Your objective: The pictures stay out; all of the data is to be printed exactly.

Raw data:

+ + + + +

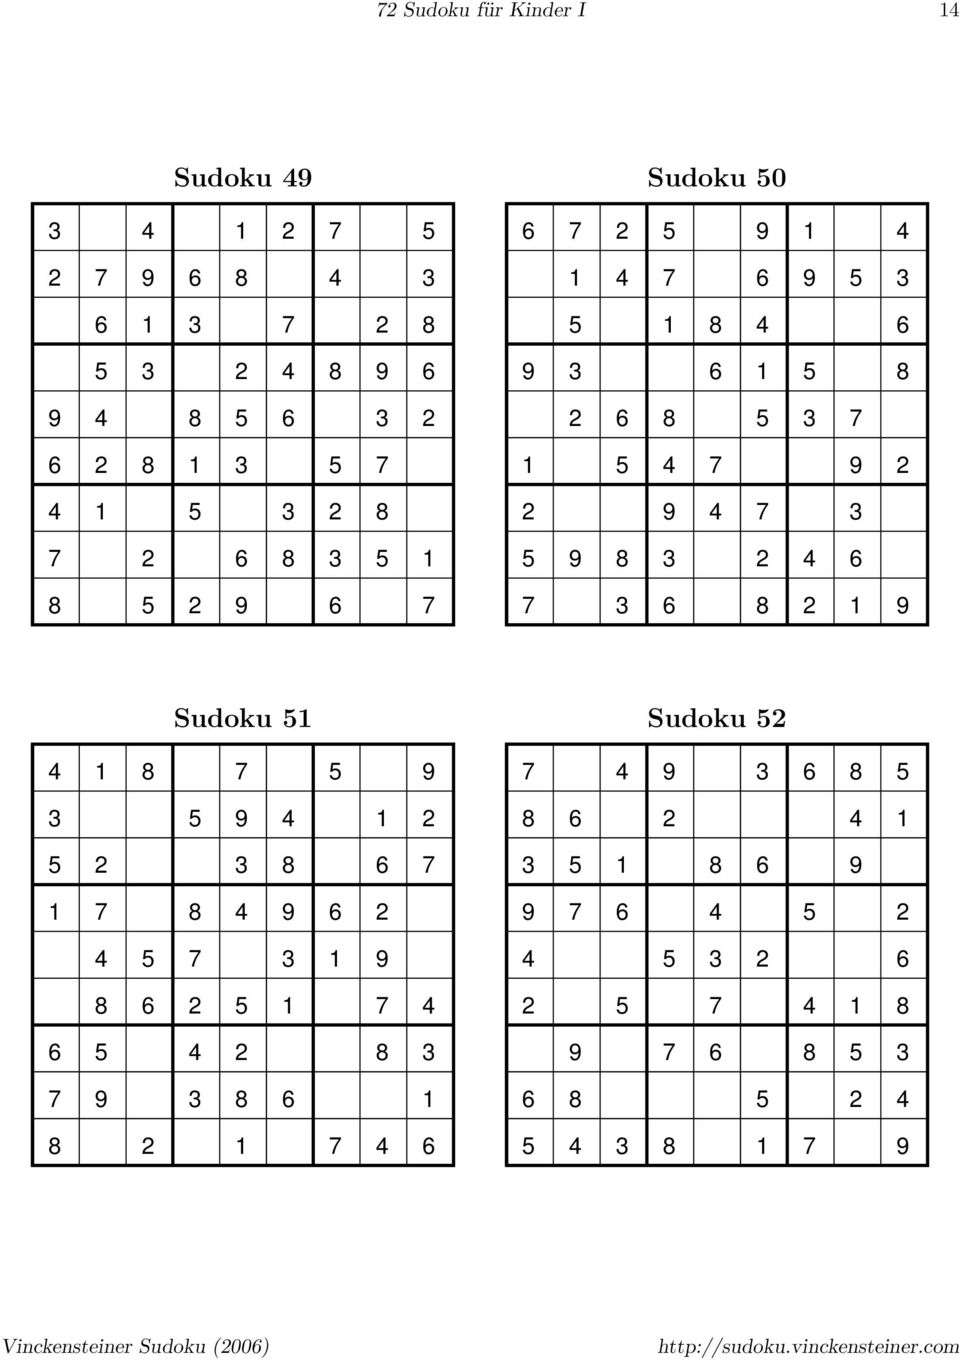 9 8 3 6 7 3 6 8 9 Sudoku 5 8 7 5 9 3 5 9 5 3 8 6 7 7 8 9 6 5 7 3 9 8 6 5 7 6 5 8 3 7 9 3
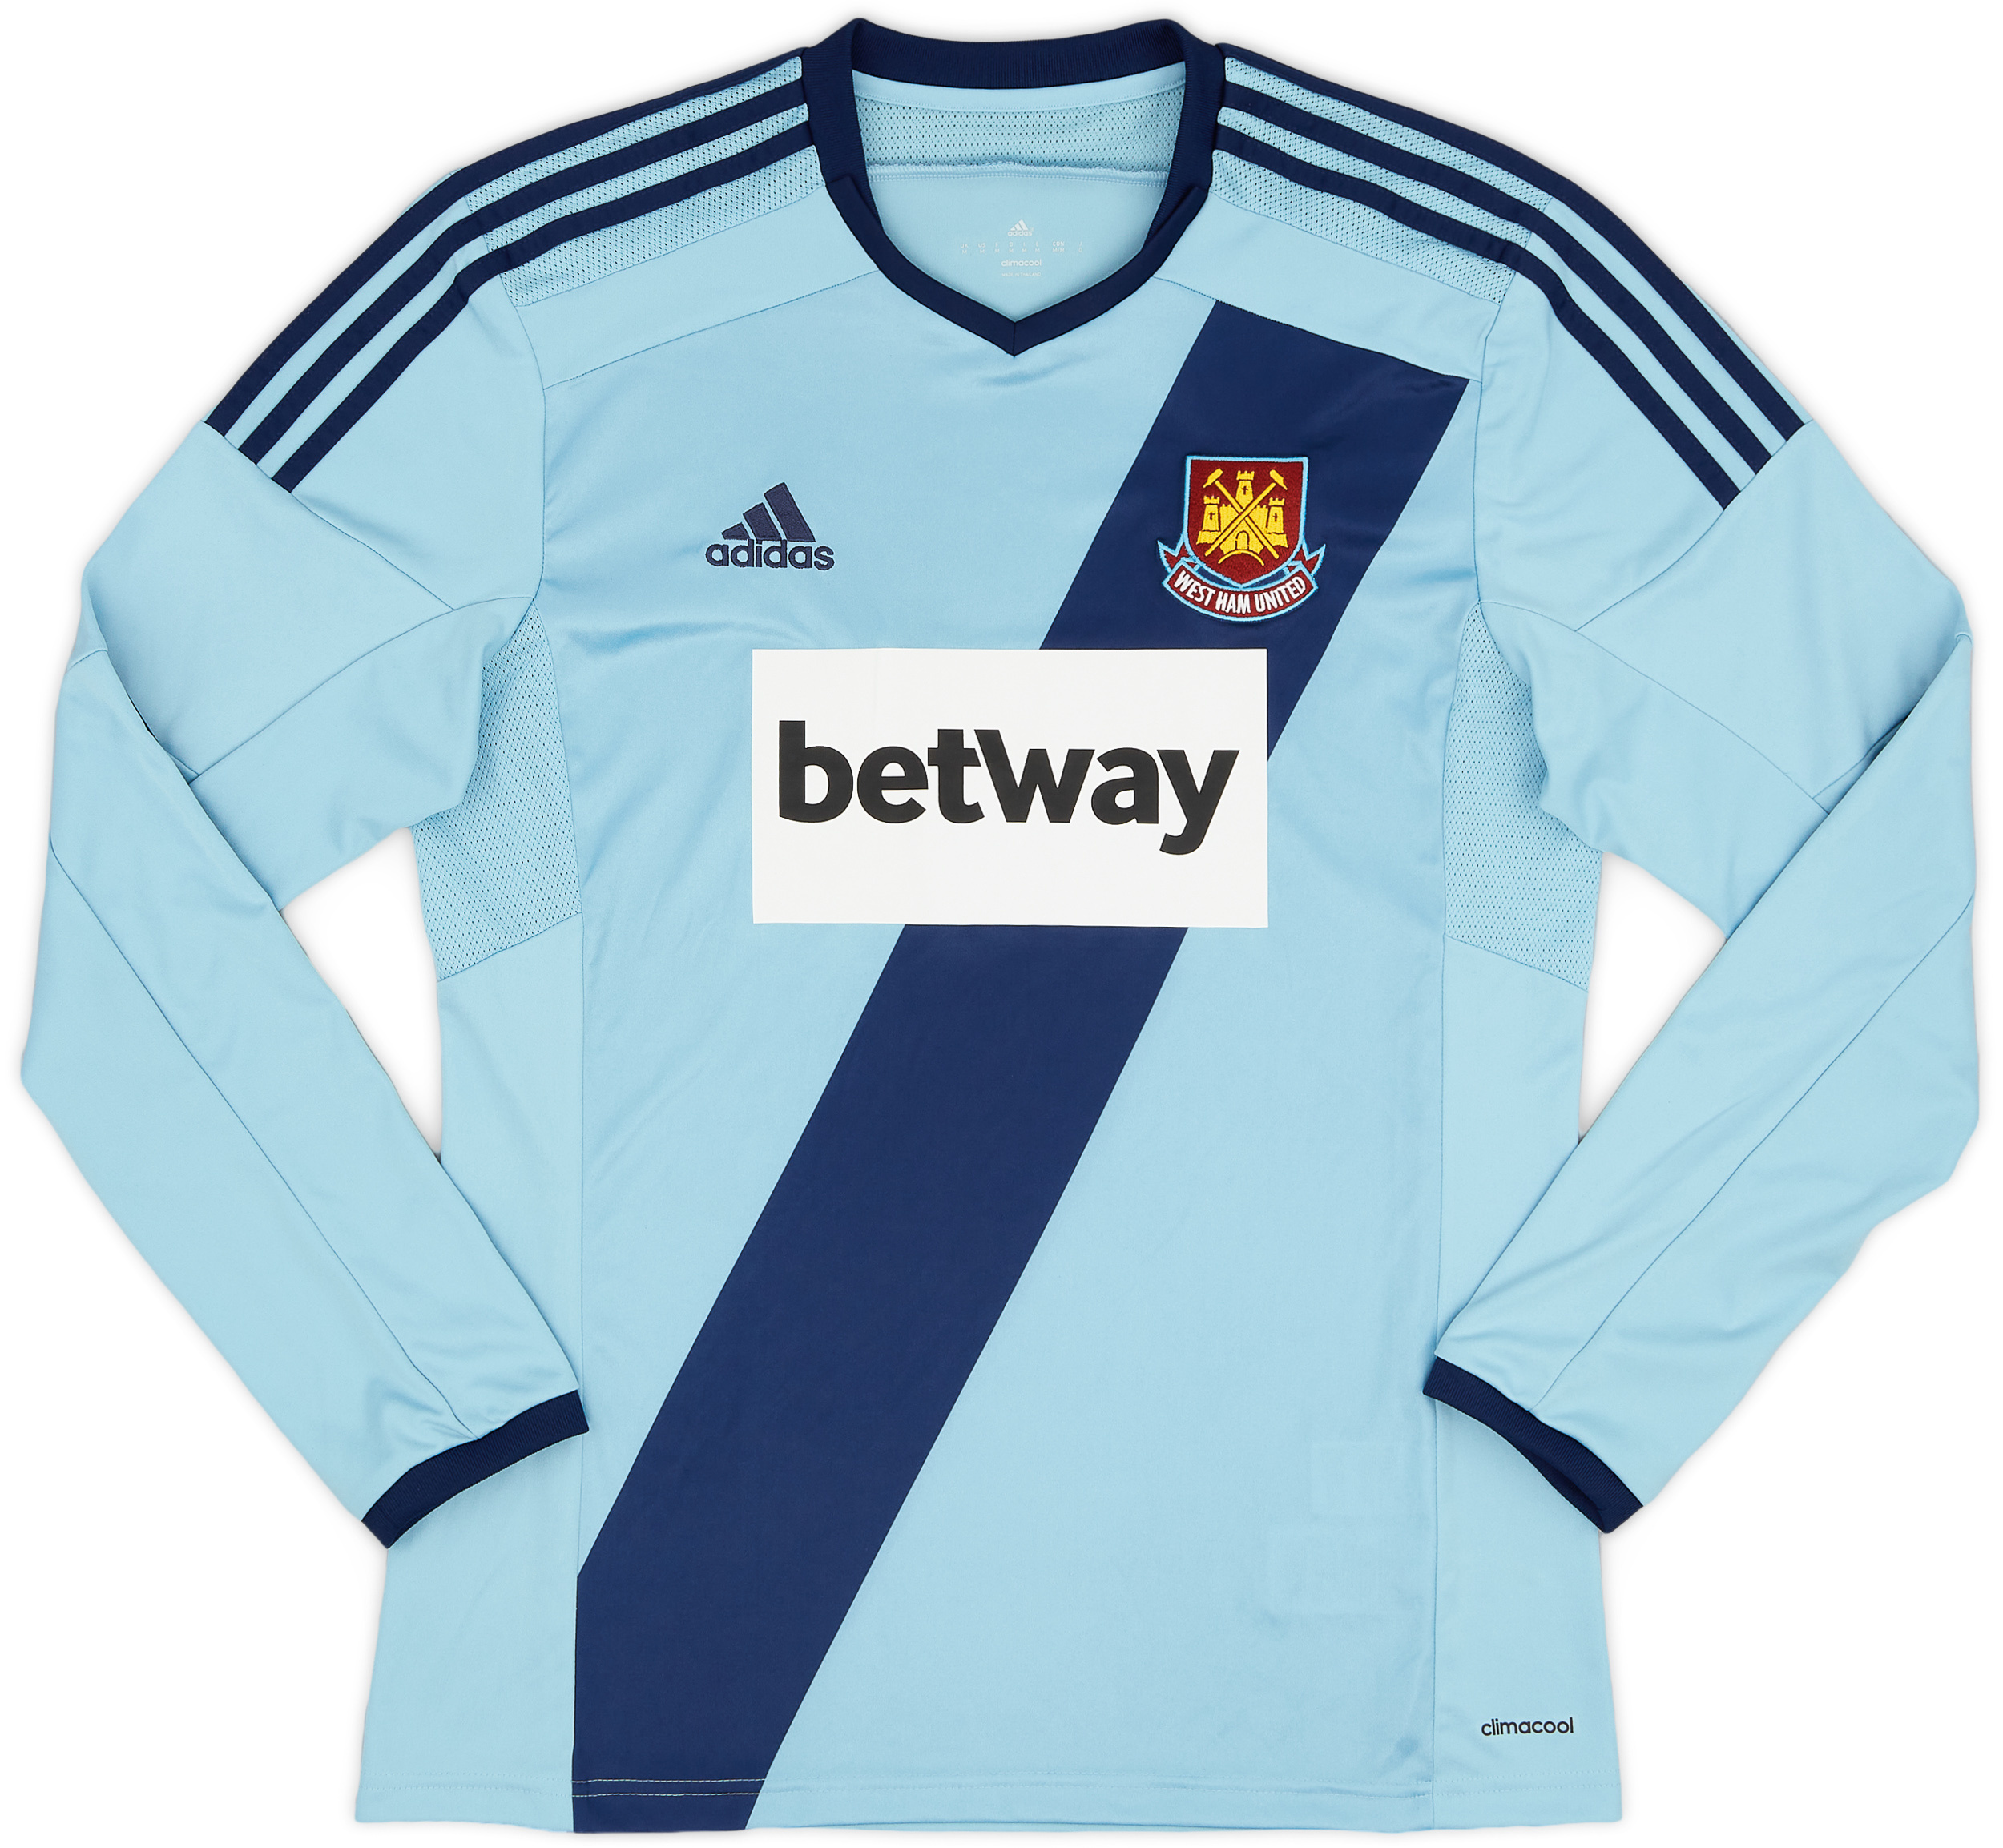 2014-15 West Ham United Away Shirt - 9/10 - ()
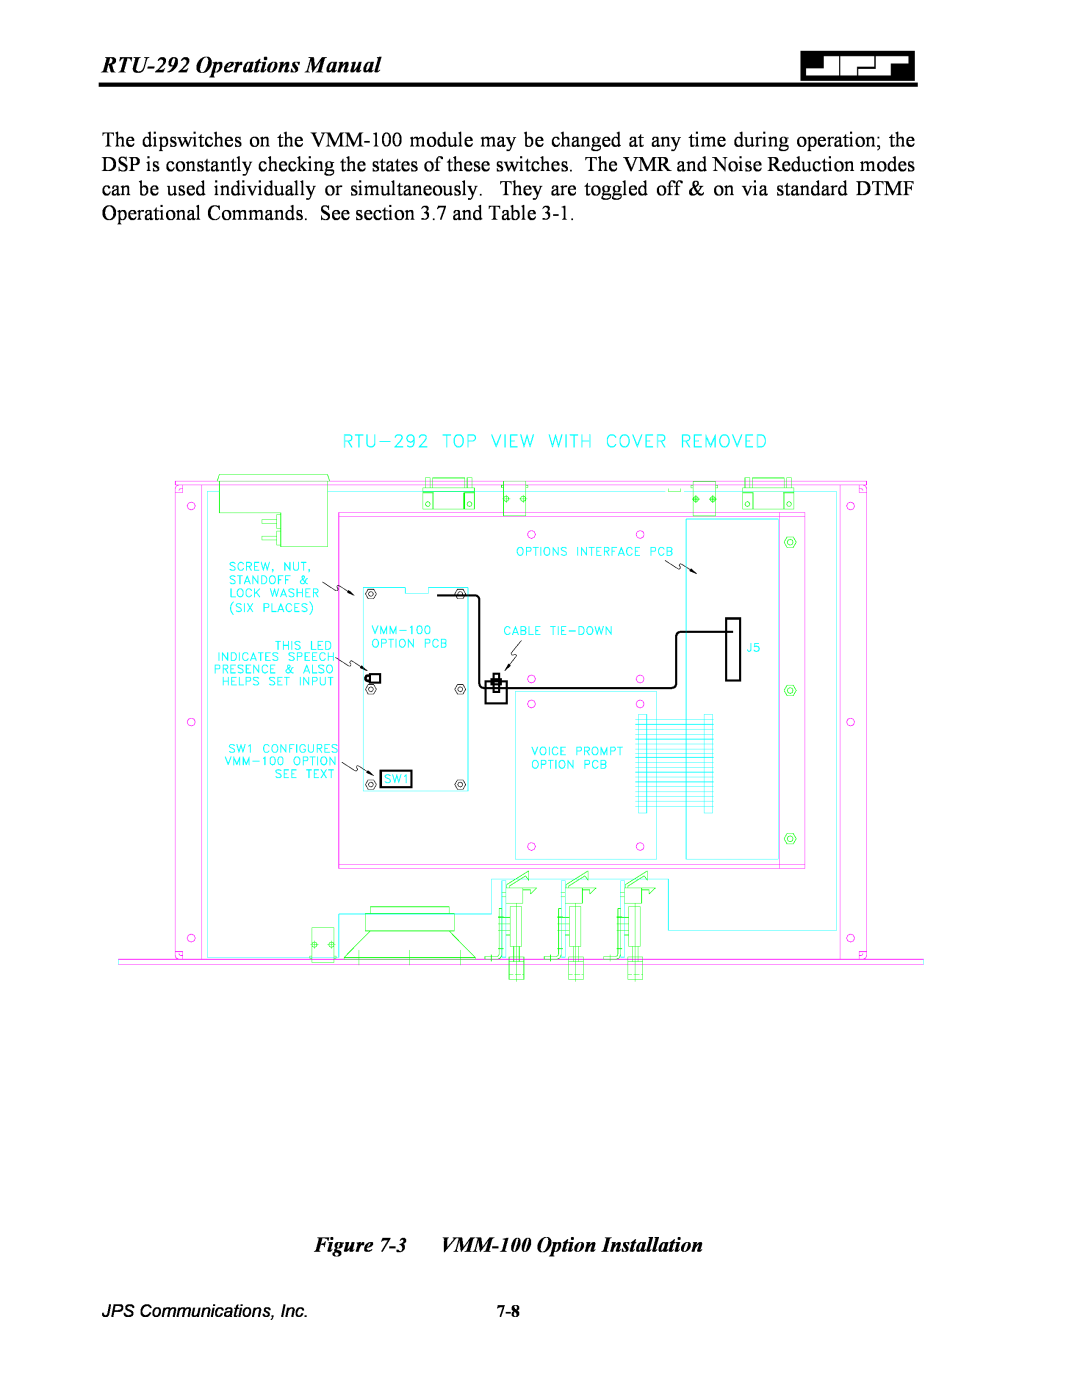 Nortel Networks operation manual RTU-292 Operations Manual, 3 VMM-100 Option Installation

+ + + + +

Task output:
 9 8 3 6 7 3 6 8 9 Sudoku 5 8 7 5 9 3 5 9 5 3 8 6 7 7 8 9 6 5 7 3 9 8 6 5 7 6 5 8 3 7 9 3
 2014-15 West Ham United Away Shirt - 9/10 - ()
 Nortel Networks operation manual RTU-292 Operations Manual, 3 VMM-100 Option Installation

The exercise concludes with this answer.